* [DATA BELOW]
----

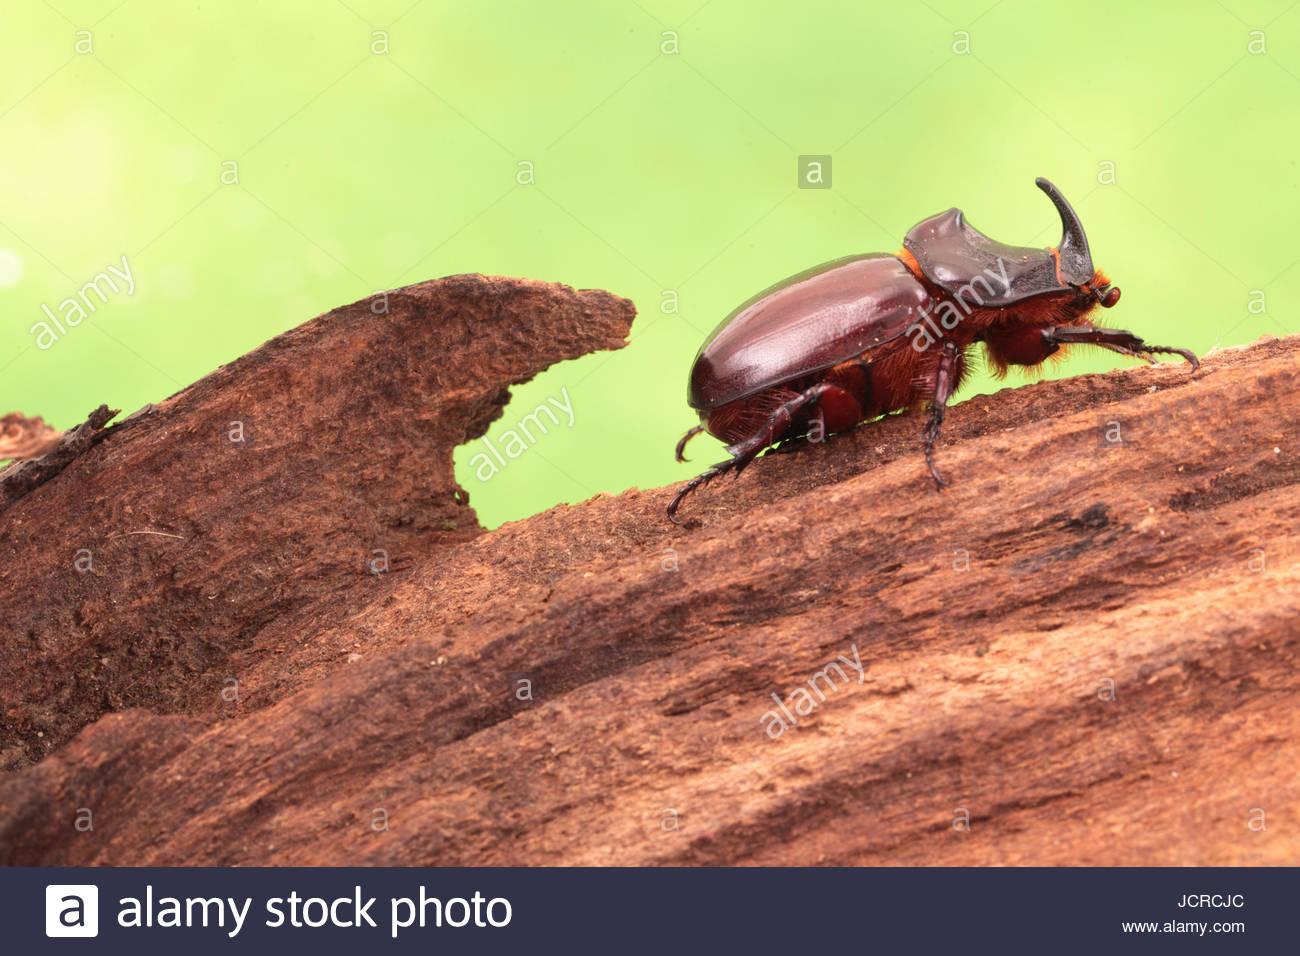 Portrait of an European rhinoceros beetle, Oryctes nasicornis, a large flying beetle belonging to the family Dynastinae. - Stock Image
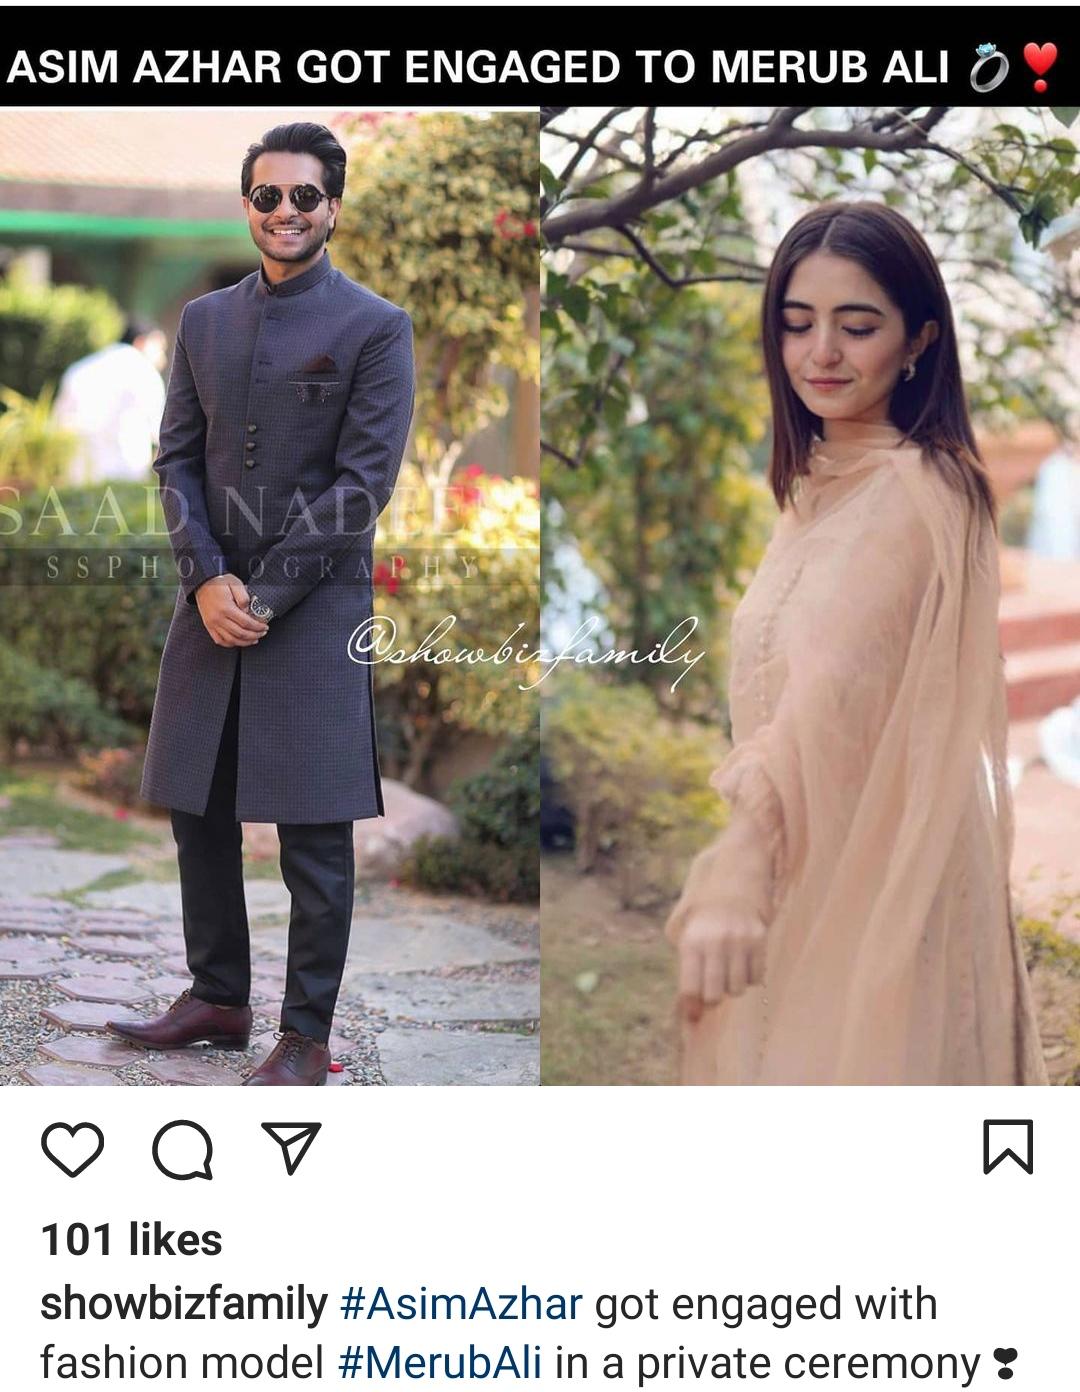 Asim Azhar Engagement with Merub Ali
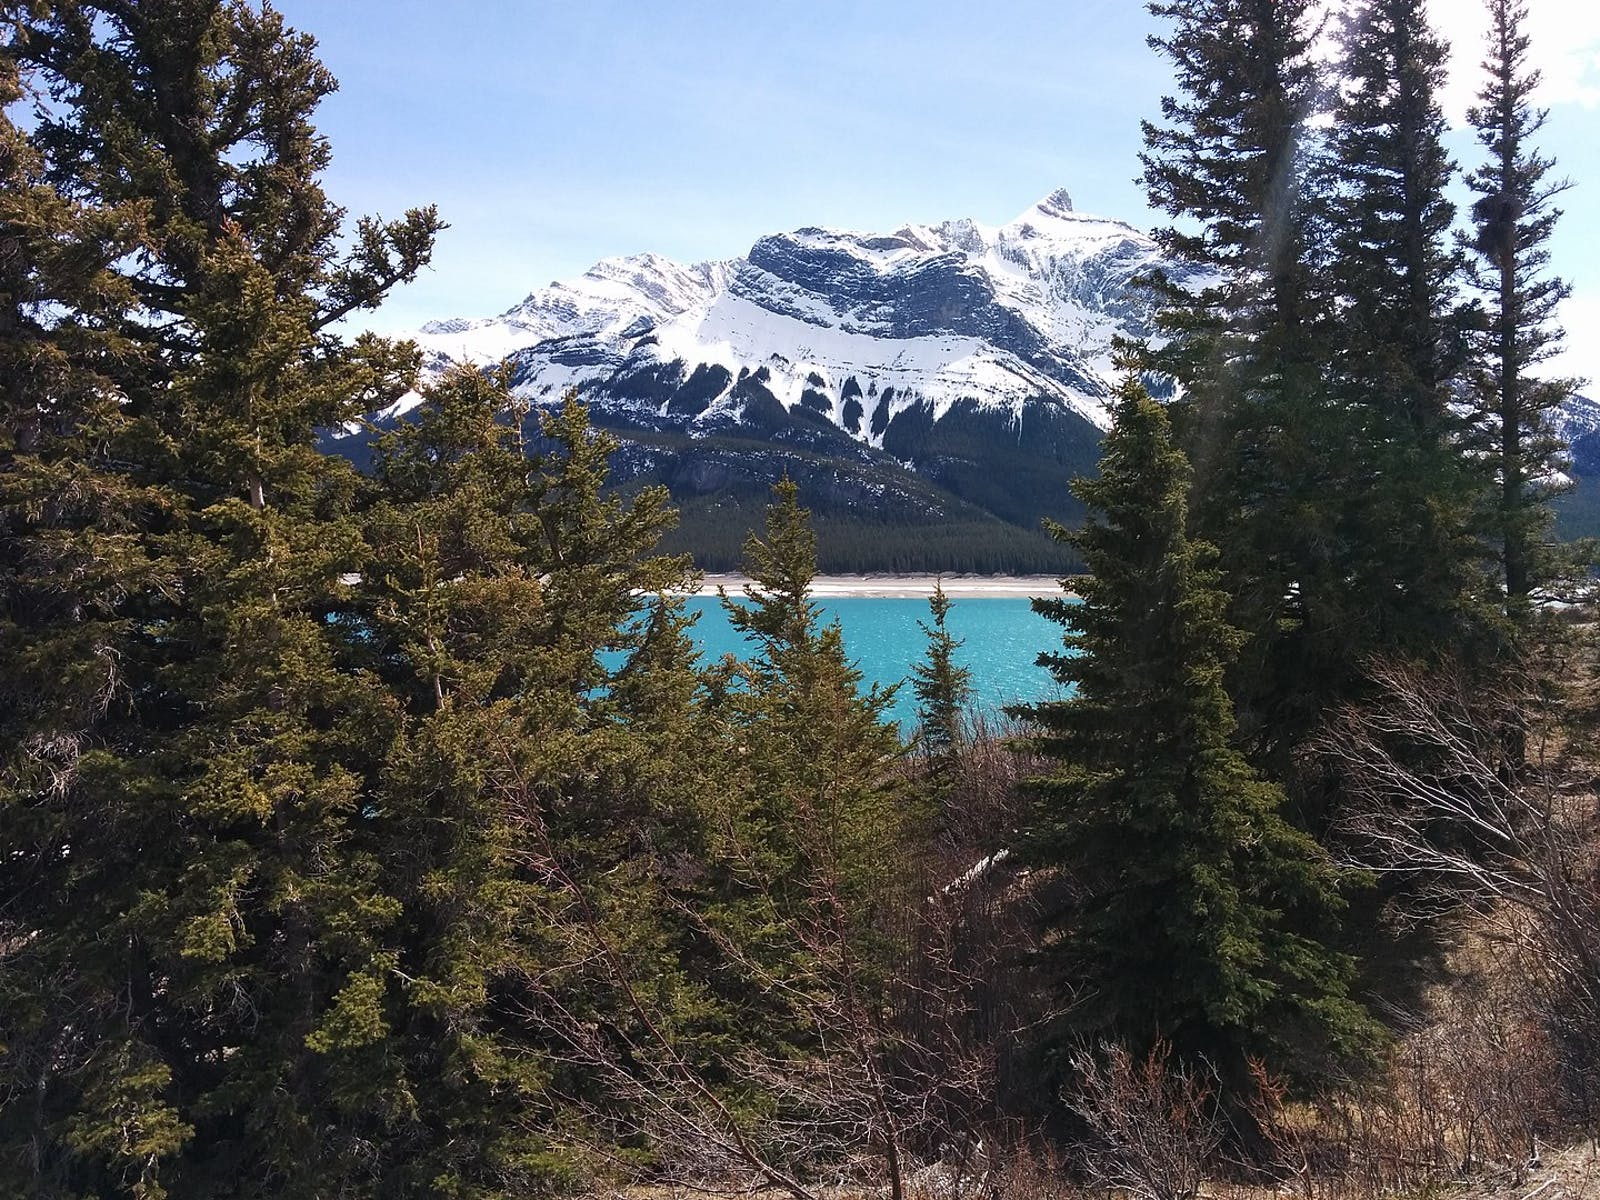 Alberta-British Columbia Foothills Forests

----

Write the lines above out again exactly, without any of their pictures.

 Portrait of an European rhinoceros beetle, Oryctes nasicornis, a large flying beetle belonging to the family Dynastinae. - Stock Image
 Asim Azhar Engagement with Merub Ali
 Alberta-British Columbia Foothills Forests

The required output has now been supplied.